**WHAT THIS TASK INVOLVES**
From the line with "Dimensions: h103 x w42 cm x d42 cm" down to the final line of the records below, retype everything exactly and leave out the rest.

**GIVEN RECORDS**
—————
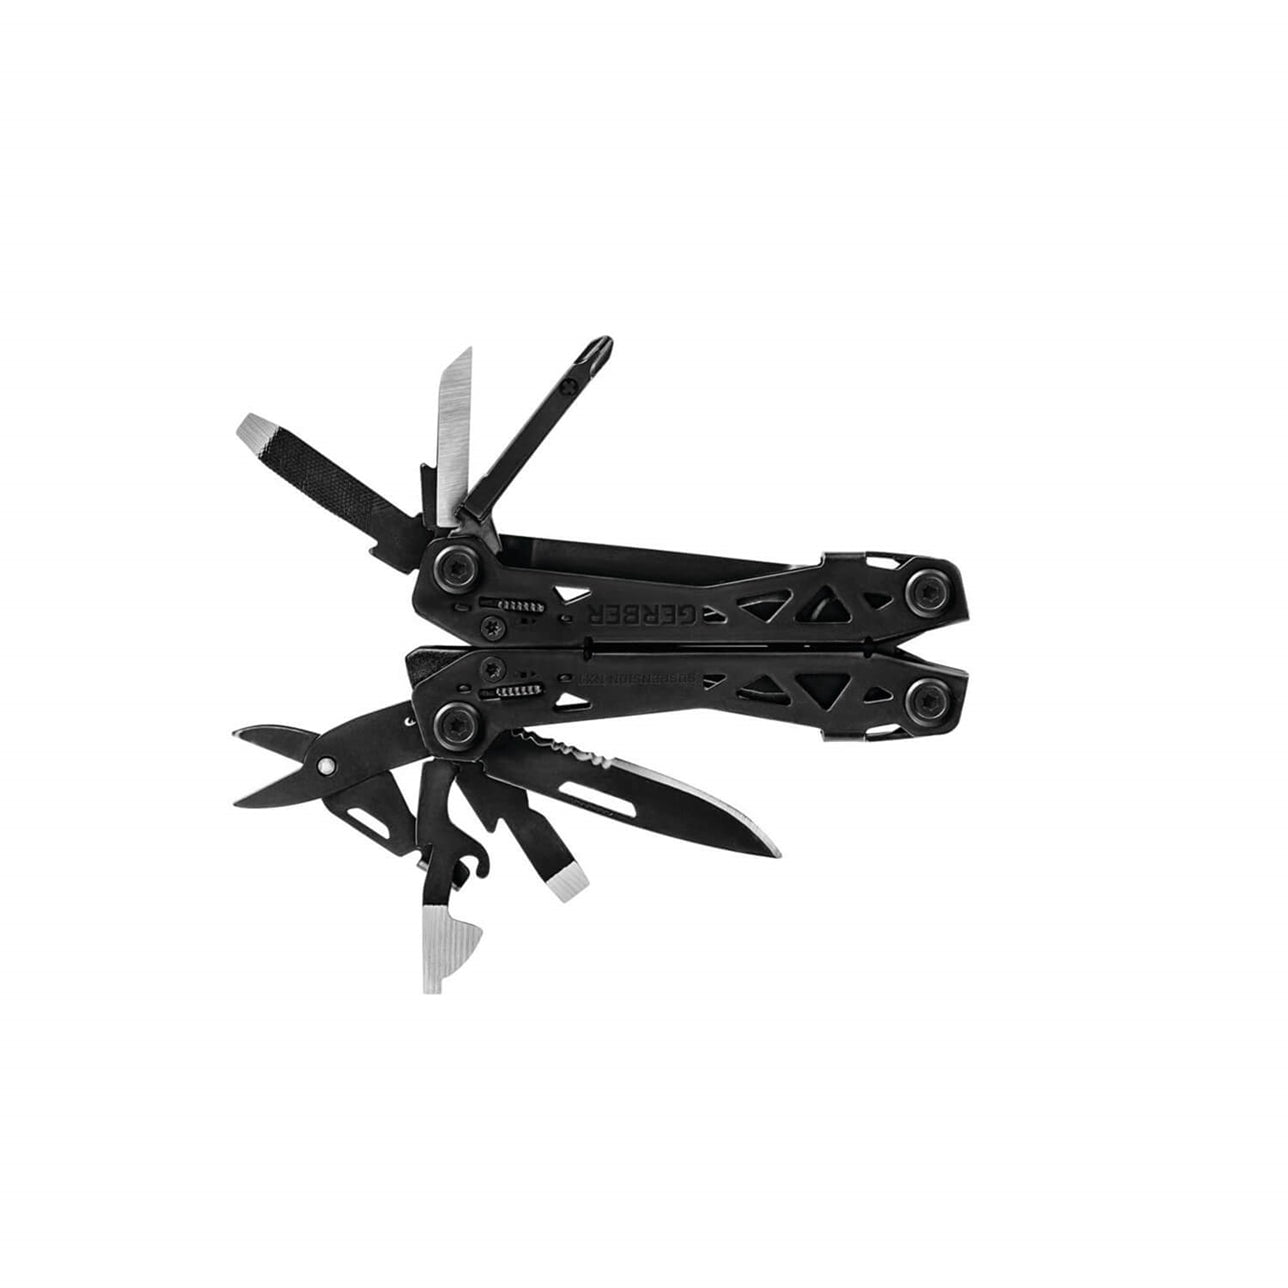 gerber suspension nxt full size multitool for sale near alice orange grove texas at hawkes outdoors 2102512882
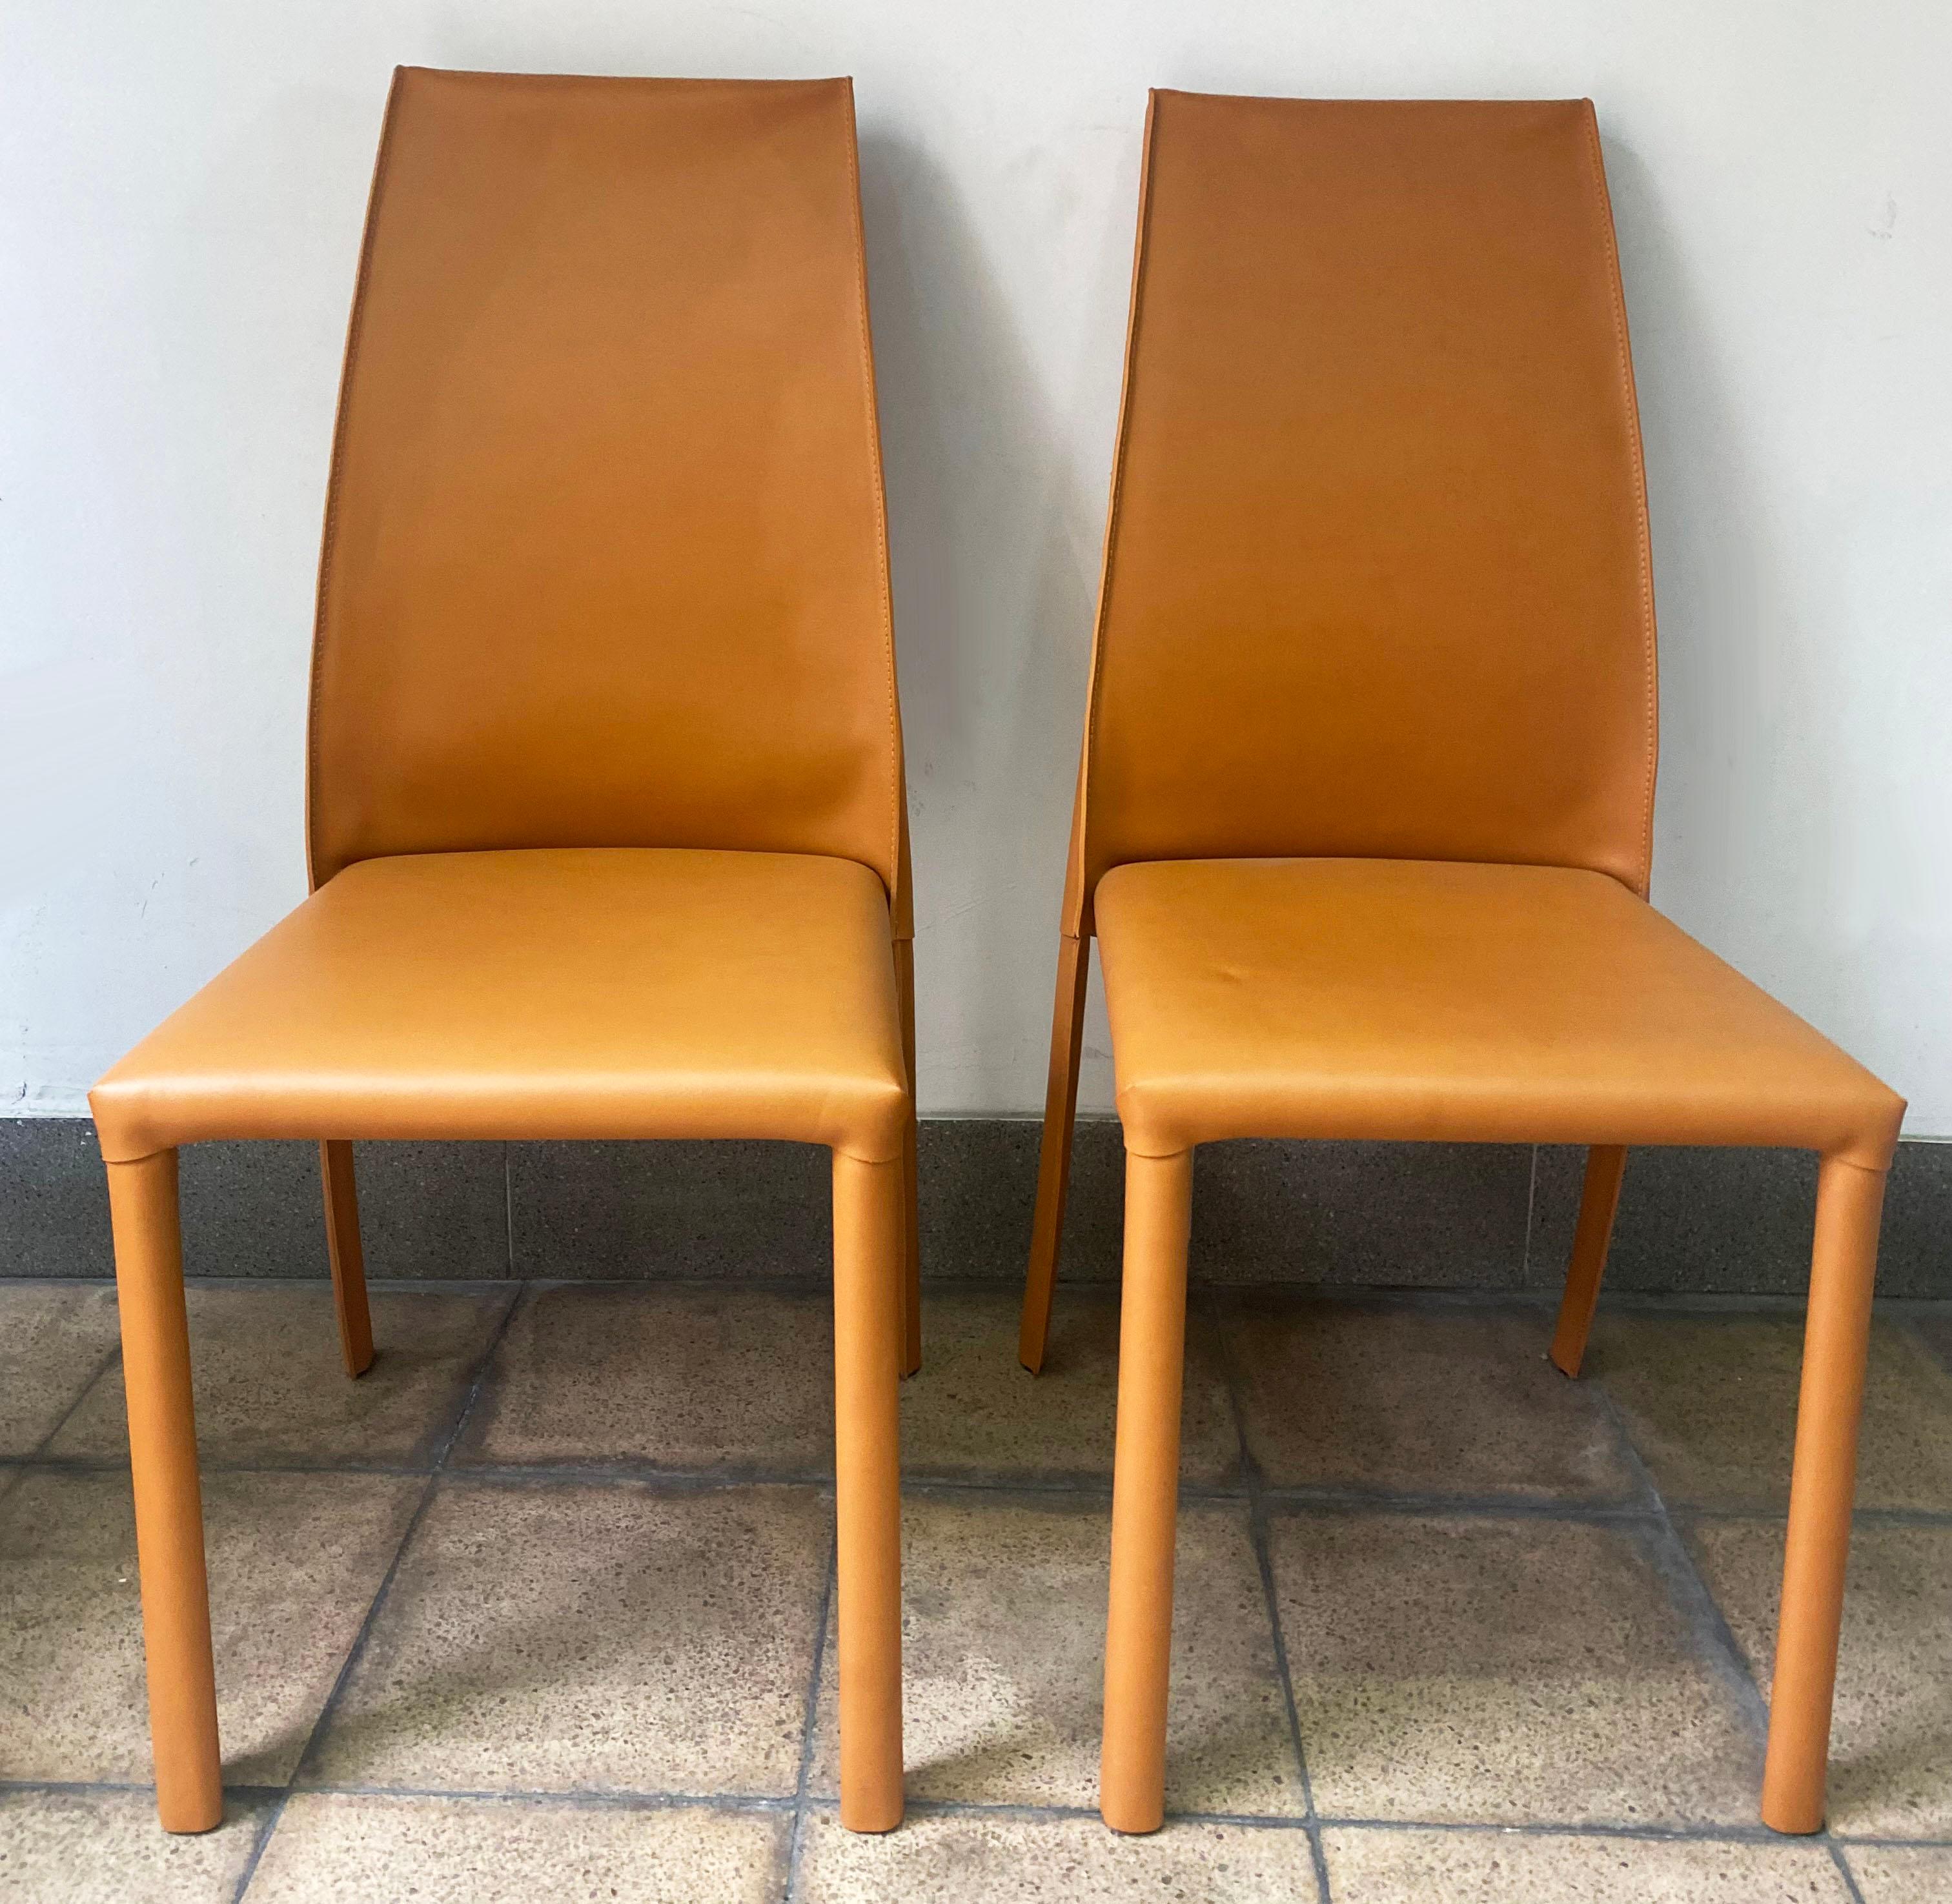 Poltrona Frau - Pair of Frag chairs 
Fawn leather 
Handmade in Italy 
Signed 
Dimensions: h103 x w42 cm x d42 cm

Price per pair 800€.
—————
**SOLUTION**
Dimensions: h103 x w42 cm x d42 cm

Price per pair 800€.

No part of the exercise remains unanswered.